[[ INFORMATION GIVEN open ]]

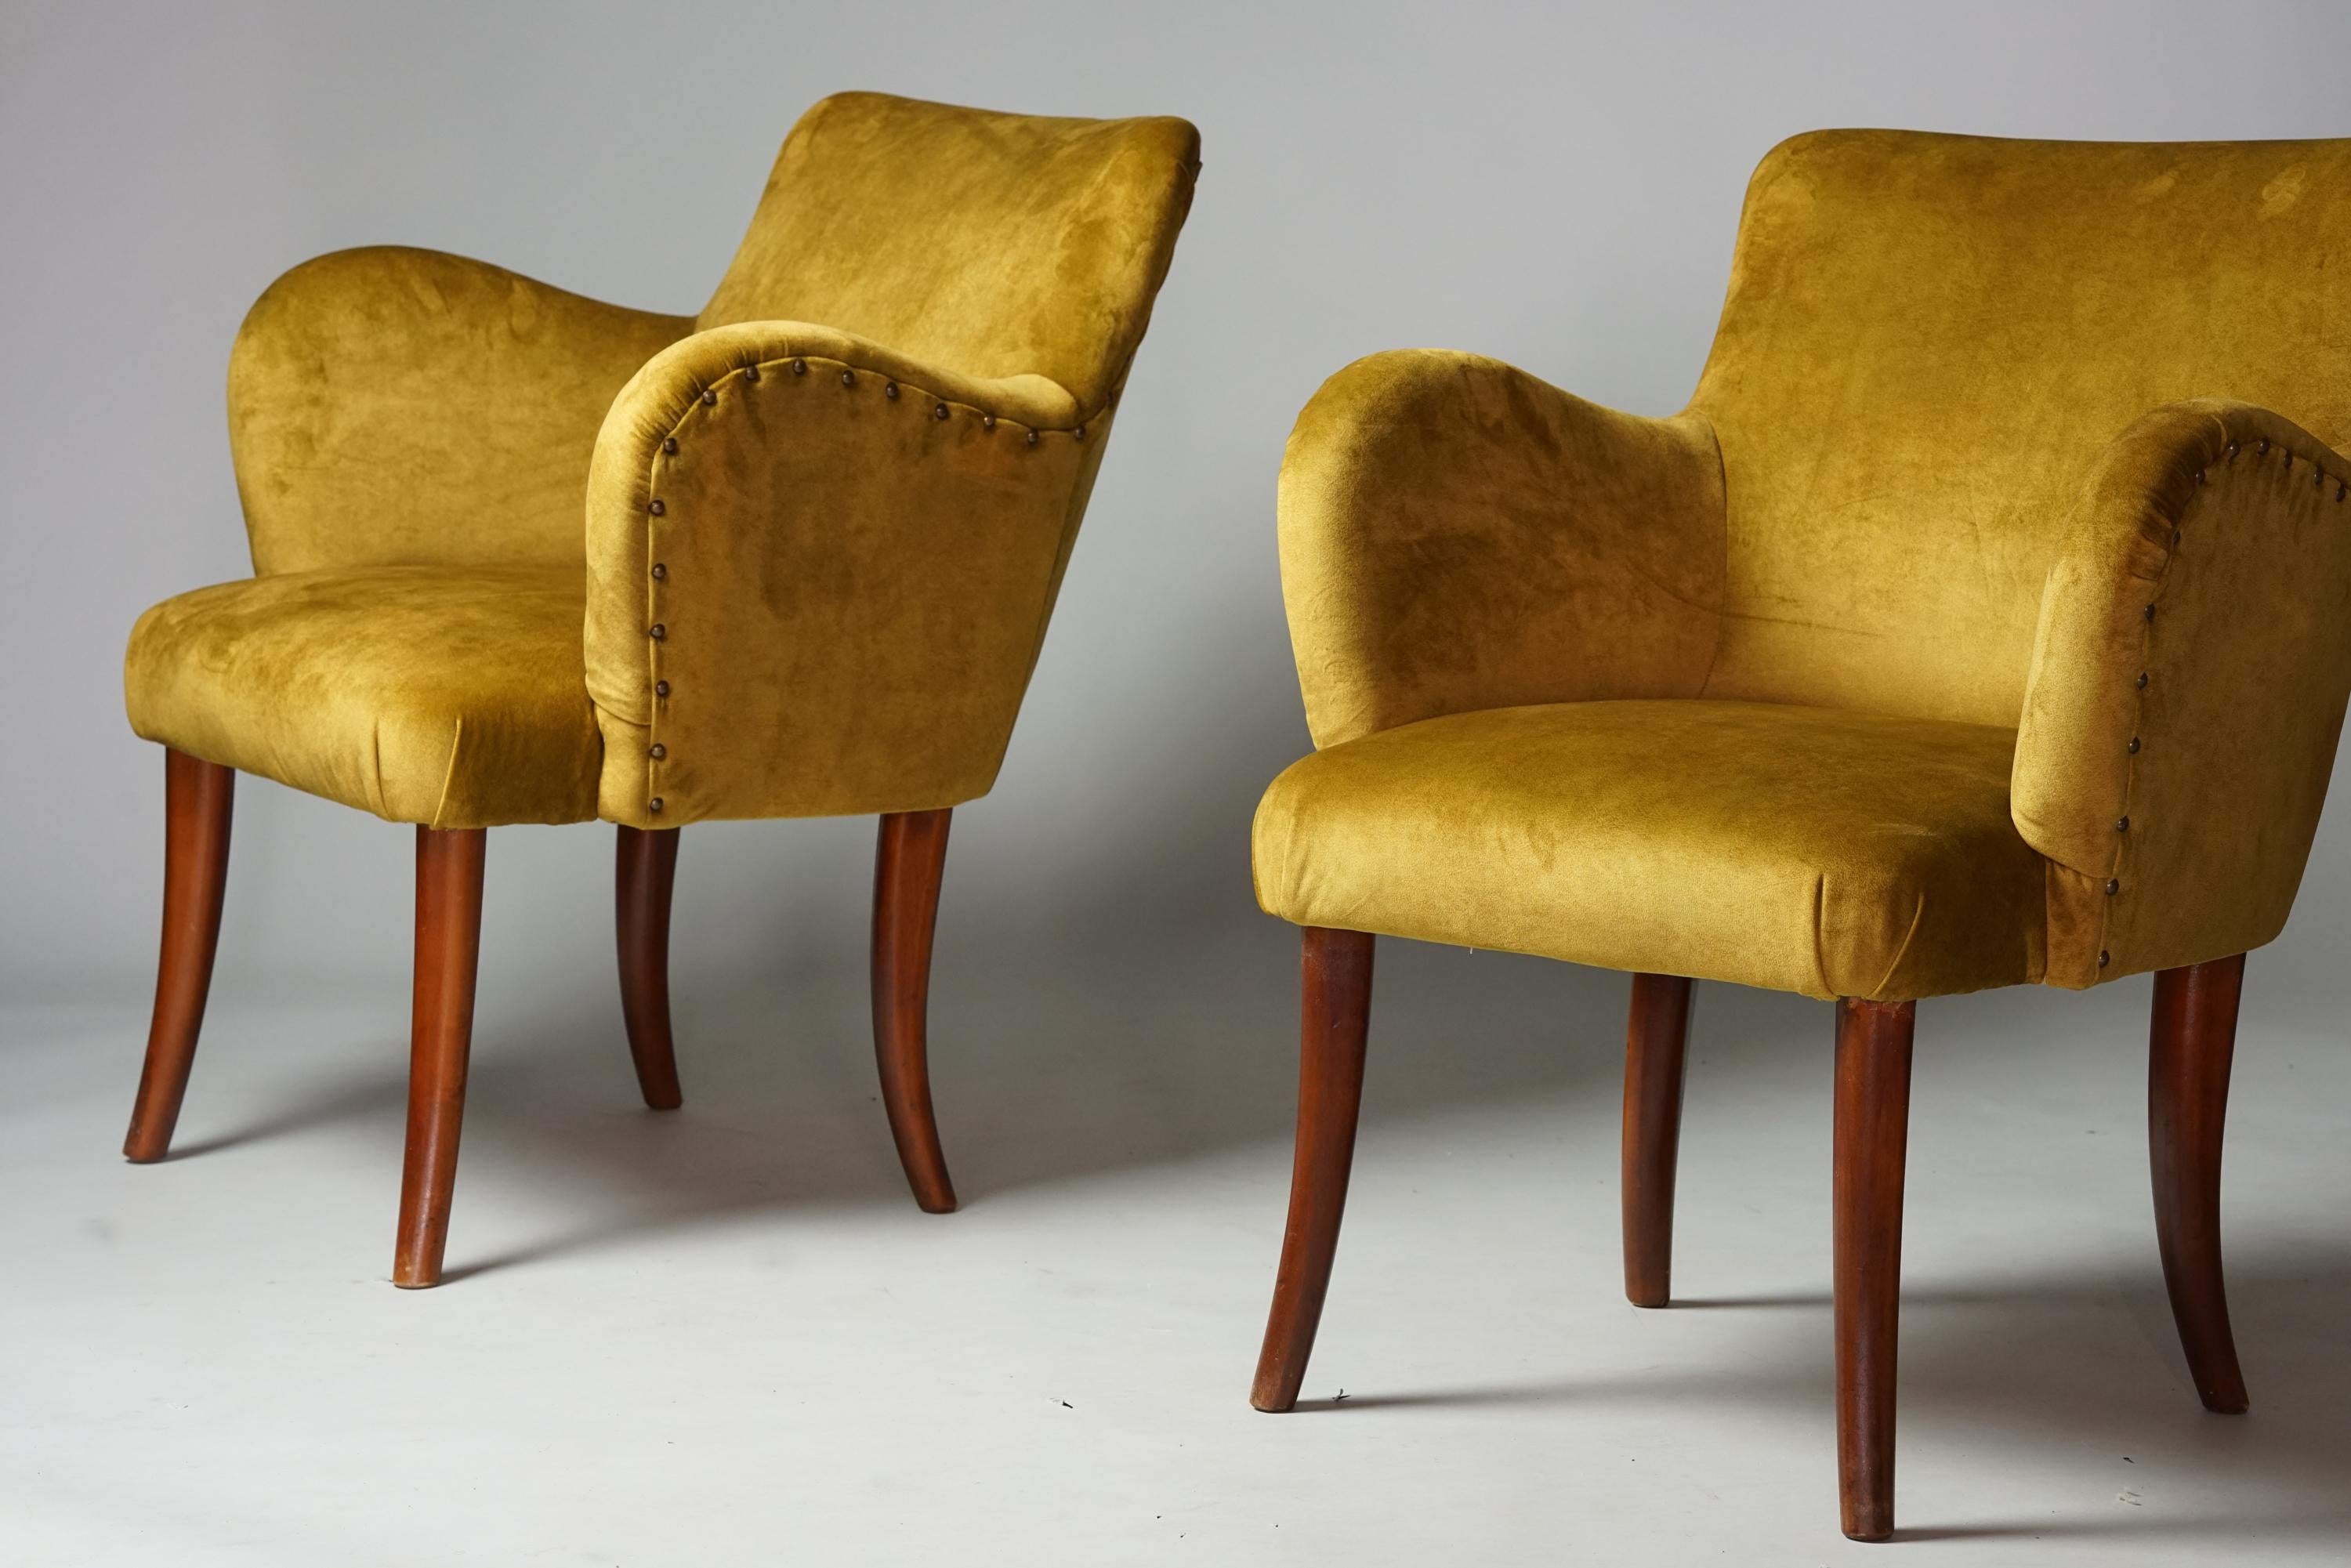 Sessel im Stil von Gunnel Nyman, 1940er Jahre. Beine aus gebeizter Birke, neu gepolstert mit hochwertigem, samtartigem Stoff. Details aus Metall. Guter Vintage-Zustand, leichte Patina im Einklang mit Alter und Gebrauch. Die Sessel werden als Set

[[ INFORMATION GIVEN closed ]]
[[ INFORMATION GIVEN open ]]

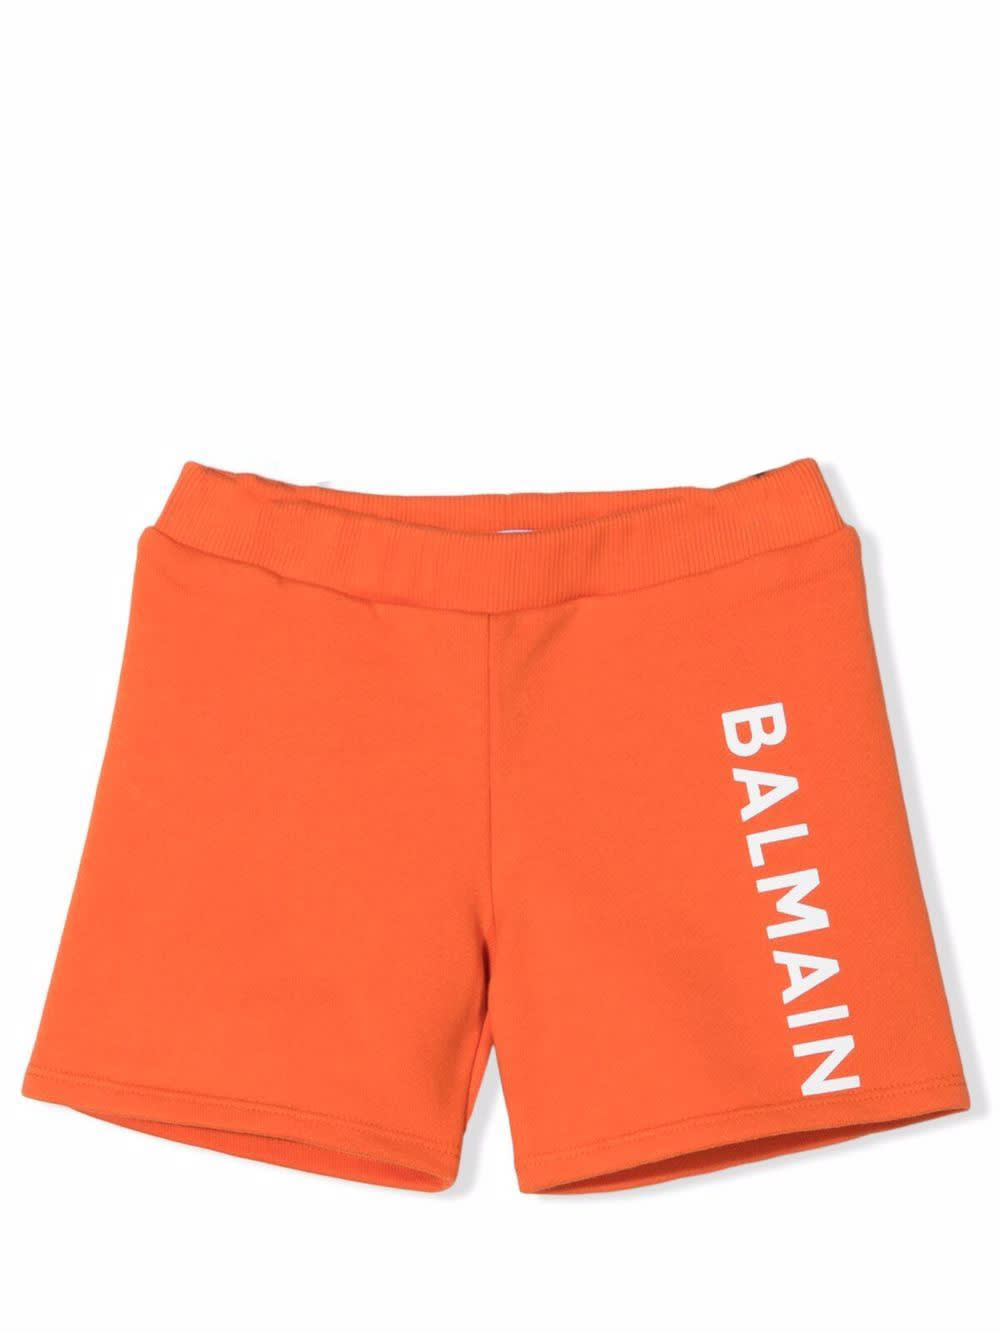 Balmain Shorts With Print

[[ INFORMATION GIVEN closed ]]
[[ INFORMATION GIVEN open ]]

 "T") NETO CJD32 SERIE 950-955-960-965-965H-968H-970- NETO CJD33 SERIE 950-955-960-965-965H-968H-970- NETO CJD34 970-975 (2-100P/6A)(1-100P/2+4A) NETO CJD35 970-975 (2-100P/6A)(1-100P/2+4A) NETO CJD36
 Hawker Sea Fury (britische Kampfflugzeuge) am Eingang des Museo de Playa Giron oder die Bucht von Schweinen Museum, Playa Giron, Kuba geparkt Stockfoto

[[ INFORMATION GIVEN closed ]]

Your answer should be the lines above, from the line containing "(2-100P/6A)(1-100P/2+4A) NETO CJD36" up to and including the line containing "Hawker Sea Fury", reproduced exactly and with nothing else.

## RESULT OF THE EXERCISE
 "T") NETO CJD32 SERIE 950-955-960-965-965H-968H-970- NETO CJD33 SERIE 950-955-960-965-965H-968H-970- NETO CJD34 970-975 (2-100P/6A)(1-100P/2+4A) NETO CJD35 970-975 (2-100P/6A)(1-100P/2+4A) NETO CJD36
 Hawker Sea Fury (britische Kampfflugzeuge) am Eingang des Museo de Playa Giron oder die Bucht von Schweinen Museum, Playa Giron, Kuba geparkt Stockfoto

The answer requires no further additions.